- Exercise instructions
From the entries below, pull out each line where "Image" appears.
[Data for the task Boundary: Start]
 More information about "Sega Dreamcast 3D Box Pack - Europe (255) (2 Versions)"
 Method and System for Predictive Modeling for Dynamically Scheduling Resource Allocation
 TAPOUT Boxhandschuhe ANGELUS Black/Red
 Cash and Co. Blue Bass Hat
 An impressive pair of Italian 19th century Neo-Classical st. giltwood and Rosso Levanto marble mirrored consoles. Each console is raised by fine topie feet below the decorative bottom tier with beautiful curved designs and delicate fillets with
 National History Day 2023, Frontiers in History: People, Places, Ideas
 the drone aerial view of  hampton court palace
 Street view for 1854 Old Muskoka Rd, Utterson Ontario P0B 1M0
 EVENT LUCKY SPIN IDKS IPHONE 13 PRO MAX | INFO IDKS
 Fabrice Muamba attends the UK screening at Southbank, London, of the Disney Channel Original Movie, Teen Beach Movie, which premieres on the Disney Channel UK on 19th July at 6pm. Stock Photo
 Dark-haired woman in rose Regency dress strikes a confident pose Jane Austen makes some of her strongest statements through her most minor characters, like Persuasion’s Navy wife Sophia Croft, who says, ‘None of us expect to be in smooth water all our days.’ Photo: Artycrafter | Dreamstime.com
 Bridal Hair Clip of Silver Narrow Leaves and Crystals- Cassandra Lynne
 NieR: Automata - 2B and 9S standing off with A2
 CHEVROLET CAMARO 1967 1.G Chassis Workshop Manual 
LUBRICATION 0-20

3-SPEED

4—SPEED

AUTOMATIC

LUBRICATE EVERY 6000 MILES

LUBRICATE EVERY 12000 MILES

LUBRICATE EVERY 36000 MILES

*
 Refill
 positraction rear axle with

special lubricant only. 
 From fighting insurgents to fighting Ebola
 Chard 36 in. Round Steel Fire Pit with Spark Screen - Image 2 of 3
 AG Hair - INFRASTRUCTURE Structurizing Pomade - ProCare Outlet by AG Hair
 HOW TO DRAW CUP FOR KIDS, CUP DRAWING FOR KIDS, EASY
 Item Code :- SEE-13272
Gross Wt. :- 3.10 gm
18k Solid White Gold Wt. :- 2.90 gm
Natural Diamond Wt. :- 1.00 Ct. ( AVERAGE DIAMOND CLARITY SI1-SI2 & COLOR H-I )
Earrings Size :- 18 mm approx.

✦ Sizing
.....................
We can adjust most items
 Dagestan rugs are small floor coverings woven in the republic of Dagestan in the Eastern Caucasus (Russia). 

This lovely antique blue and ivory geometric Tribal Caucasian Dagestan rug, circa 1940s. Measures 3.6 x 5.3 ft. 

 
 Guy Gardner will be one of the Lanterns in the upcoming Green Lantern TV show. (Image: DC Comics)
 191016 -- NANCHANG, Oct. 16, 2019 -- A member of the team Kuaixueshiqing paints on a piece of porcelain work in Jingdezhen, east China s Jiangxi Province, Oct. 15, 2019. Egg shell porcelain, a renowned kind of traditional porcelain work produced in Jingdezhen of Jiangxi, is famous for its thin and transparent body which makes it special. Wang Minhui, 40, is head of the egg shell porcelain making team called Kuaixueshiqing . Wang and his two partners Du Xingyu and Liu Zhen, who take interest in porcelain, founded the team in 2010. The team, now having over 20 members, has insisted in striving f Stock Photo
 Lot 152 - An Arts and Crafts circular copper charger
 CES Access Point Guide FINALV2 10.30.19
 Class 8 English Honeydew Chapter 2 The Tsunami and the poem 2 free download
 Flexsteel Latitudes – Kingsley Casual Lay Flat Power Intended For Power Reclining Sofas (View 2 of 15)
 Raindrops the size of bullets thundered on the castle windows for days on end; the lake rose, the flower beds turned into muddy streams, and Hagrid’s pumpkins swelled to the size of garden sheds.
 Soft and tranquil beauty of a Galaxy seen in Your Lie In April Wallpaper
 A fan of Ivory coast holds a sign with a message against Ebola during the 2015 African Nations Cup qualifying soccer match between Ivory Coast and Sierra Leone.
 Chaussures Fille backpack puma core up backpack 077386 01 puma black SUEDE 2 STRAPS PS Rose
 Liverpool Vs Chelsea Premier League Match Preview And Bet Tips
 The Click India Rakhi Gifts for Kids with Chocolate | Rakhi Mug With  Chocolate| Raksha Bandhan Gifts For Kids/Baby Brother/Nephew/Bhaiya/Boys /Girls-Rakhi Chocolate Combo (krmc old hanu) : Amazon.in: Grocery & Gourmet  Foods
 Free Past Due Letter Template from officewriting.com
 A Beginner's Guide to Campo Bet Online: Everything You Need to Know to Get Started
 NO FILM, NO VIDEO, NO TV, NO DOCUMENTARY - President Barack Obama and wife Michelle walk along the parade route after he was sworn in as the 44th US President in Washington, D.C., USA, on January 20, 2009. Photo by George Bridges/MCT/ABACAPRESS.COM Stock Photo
[Data for the task Boundary: End]
- Solved exercise
 Chard 36 in. Round Steel Fire Pit with Spark Screen - Image 2 of 3
 Guy Gardner will be one of the Lanterns in the upcoming Green Lantern TV show. (Image: DC Comics)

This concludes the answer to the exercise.